Мы, наверное, несколько секунд друг другу в глаза смотрели. Понял я, о ком он говорил, и он увидел, что я понял. А потом еще ближе ко мне наклонился и совсем тихо шепчет:

— Ты, — говорит, — Санек, сам помри, а девчонку отсюда вытащи. Идите к Киржачу через Кимры, я за Ларцево машину оставил. Карты вот, — и карты мне сует. — Понял? В Евангелии сказано: «Нет больше той любви, как если кто положит душу свою за друзей своих». Понял? Умри, но Маринку свою до храма доведи.

Ну я автомат до боли в руках сжал, головой киваю, мол, понял, а самому снова страшно. Вроде бы и не произошло еще ничего, а все равно — страшно.

А потом мы снова почувствовали, как под землей кто-то ворочается, и шар этот как будто покачнулся слегка. Встрепенулись мы и слышим: снаружи кандары гвалт устроили, лают там друг на дружку, что ли? Я выглянуть наружу хотел, но Иван меня остановил.

— Ты че, − говорит, − творишь? А если рядом на земле кандар сидит? Откусит тебе башку, да и все.

Я сразу на место сел, а Иван продолжает:

— Патроны береги, патронов мало. У меня последний магазин да «Сайга» вот еще. И ножик. У тебя второй магазин есть? Ну и отлично. Давай, собирай свою девушку и держитесь ближе к выходу.

Маришка даже не удивилась, когда я ее разбудил и велел к выходу вместе с ковриком перебраться. Кажется, она от будущего ничего хорошего не ожидала. А потом мы просто сидели и ждали.
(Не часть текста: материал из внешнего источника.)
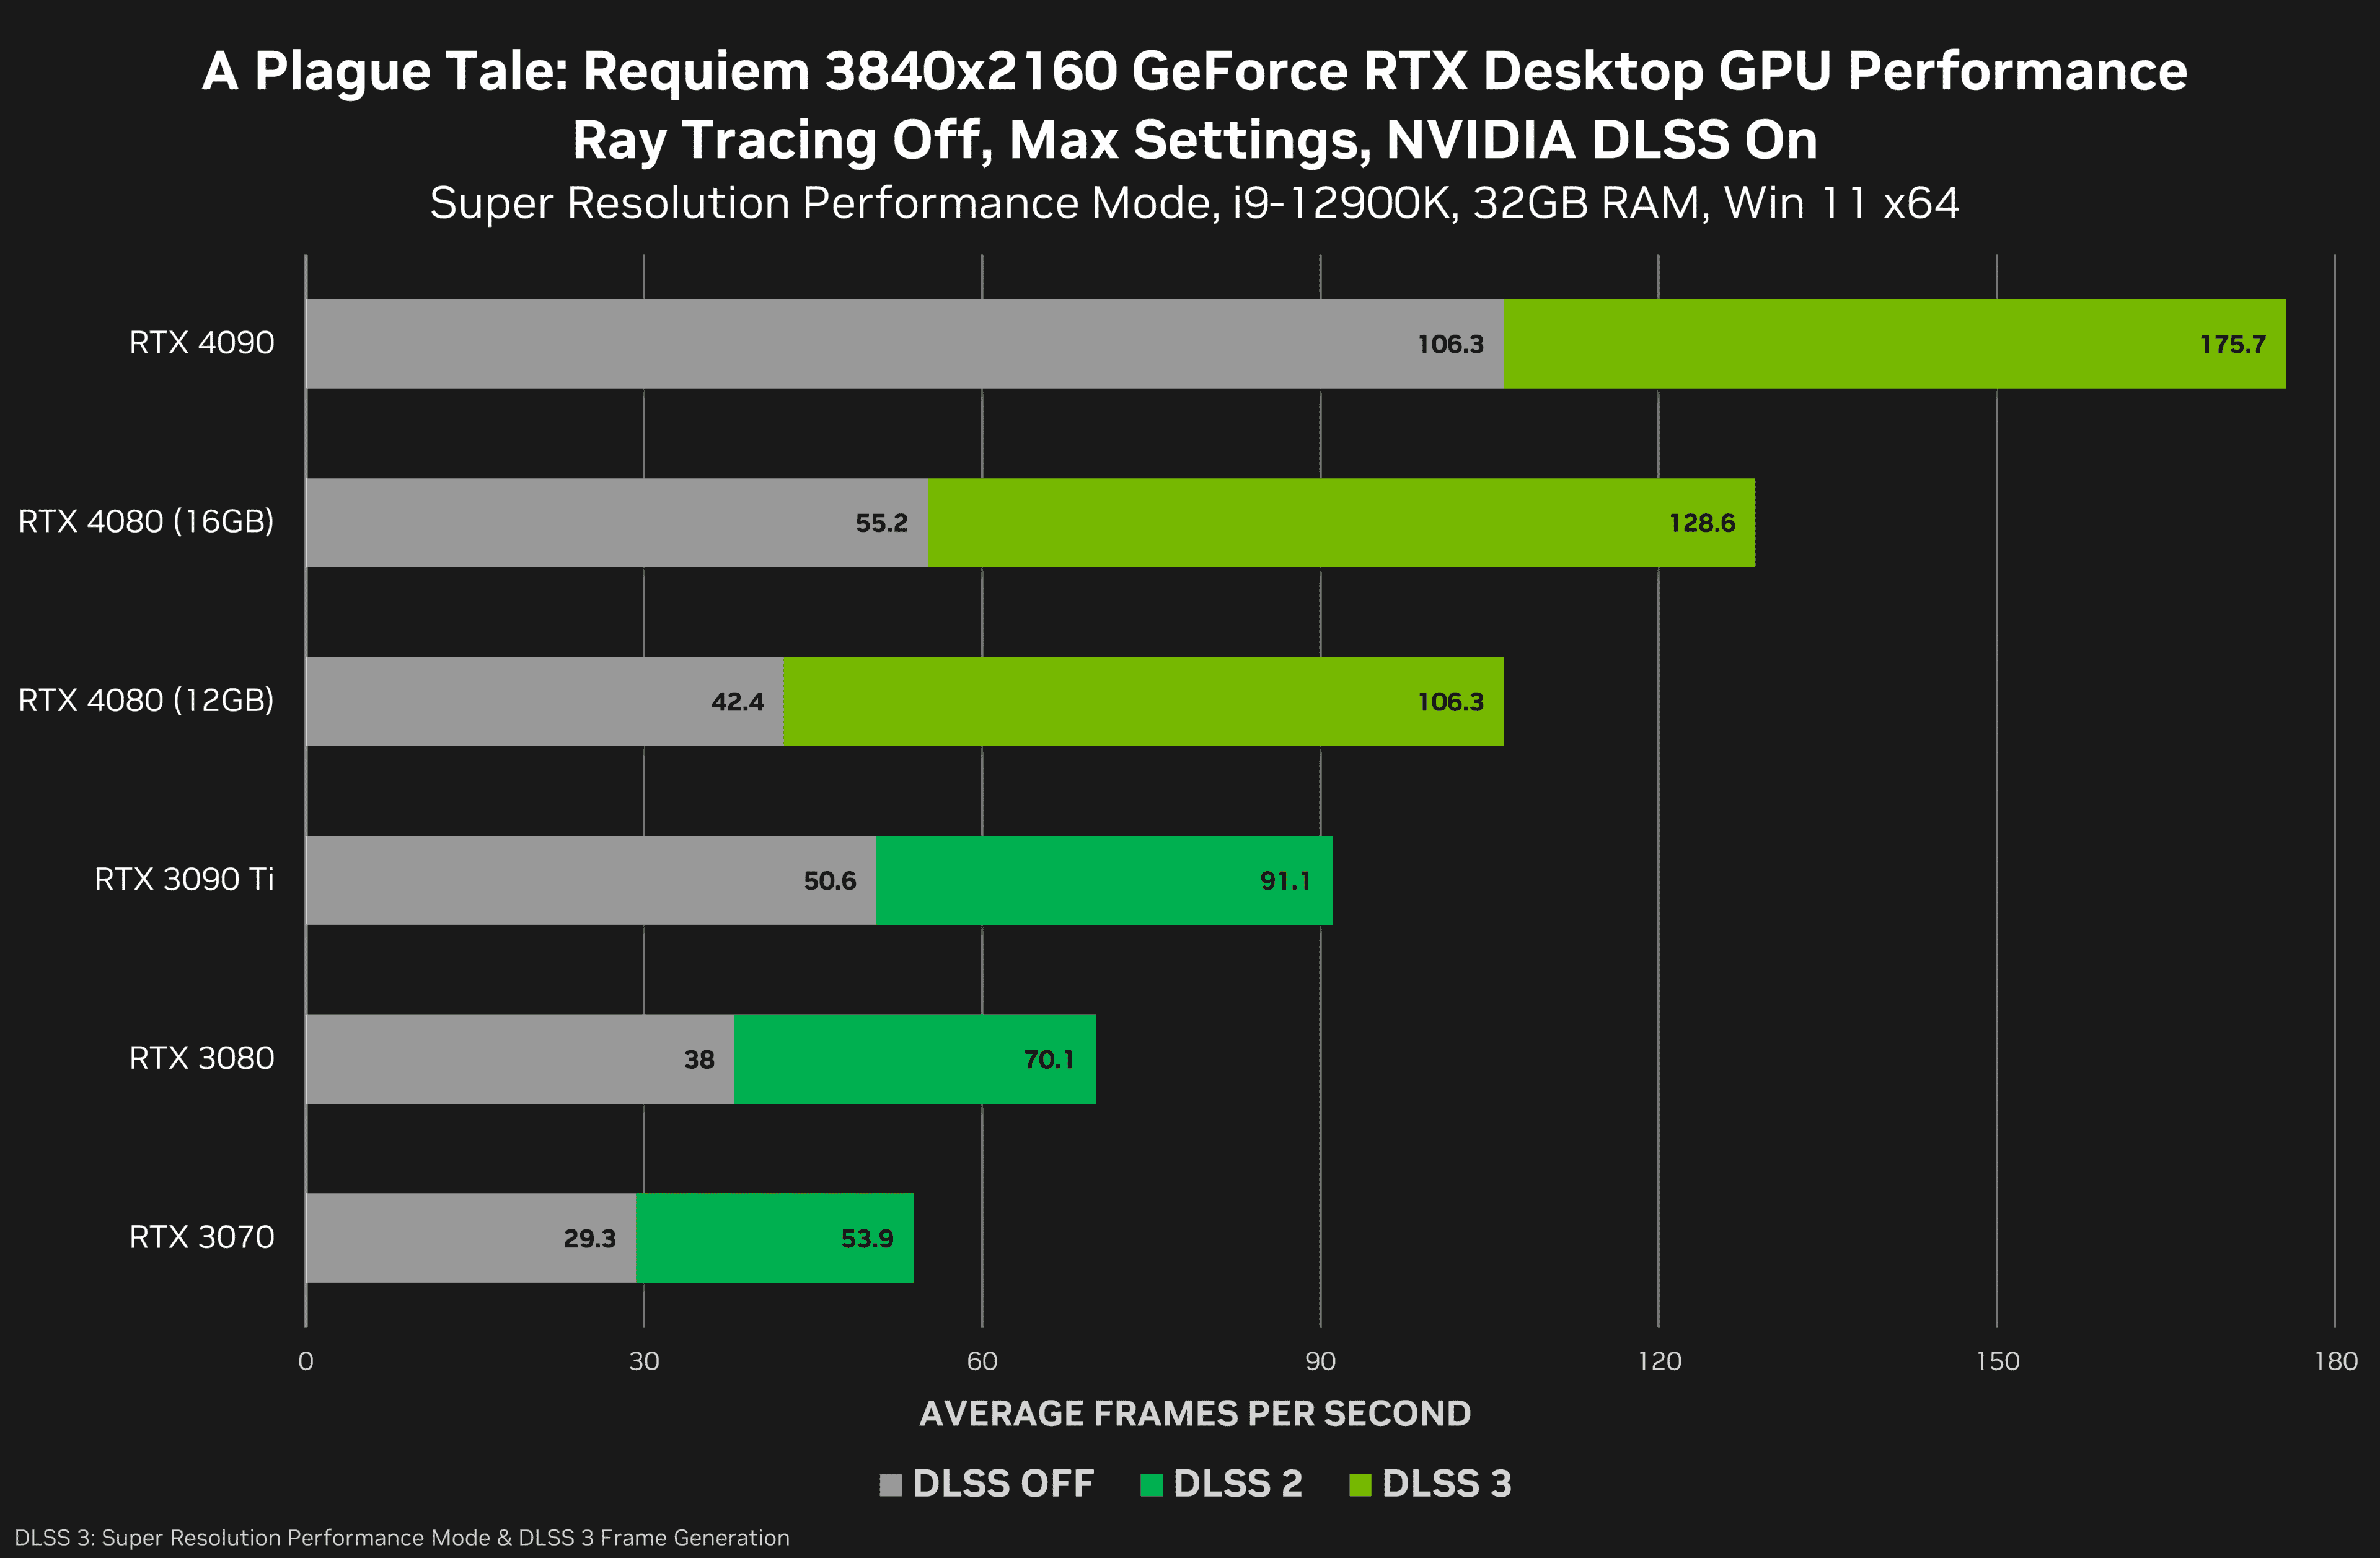 NVIDIA comparte benchmark oficial de las GPU RTX 4080 de 16GB y RTX 4080 de 12GB

Иван пытался шепотом армейские байки травить и анекдоты рассказывать, но у него это плохо получалось, не смешно было, а может, просто мы не были настроены анекдоты слушать, слишком много в последе время произошло страшного, чтобы можно было вот так просто смеяться. В общем, замолкли мы и какое-то время молча сидели, каждый о своем думал. Маришка ко мне привалилась, голову мне на плечо опустила, я ее обнял, так и сидели. Пить мне хотелось и есть. Че там эти галетки… А еще в сон клонило.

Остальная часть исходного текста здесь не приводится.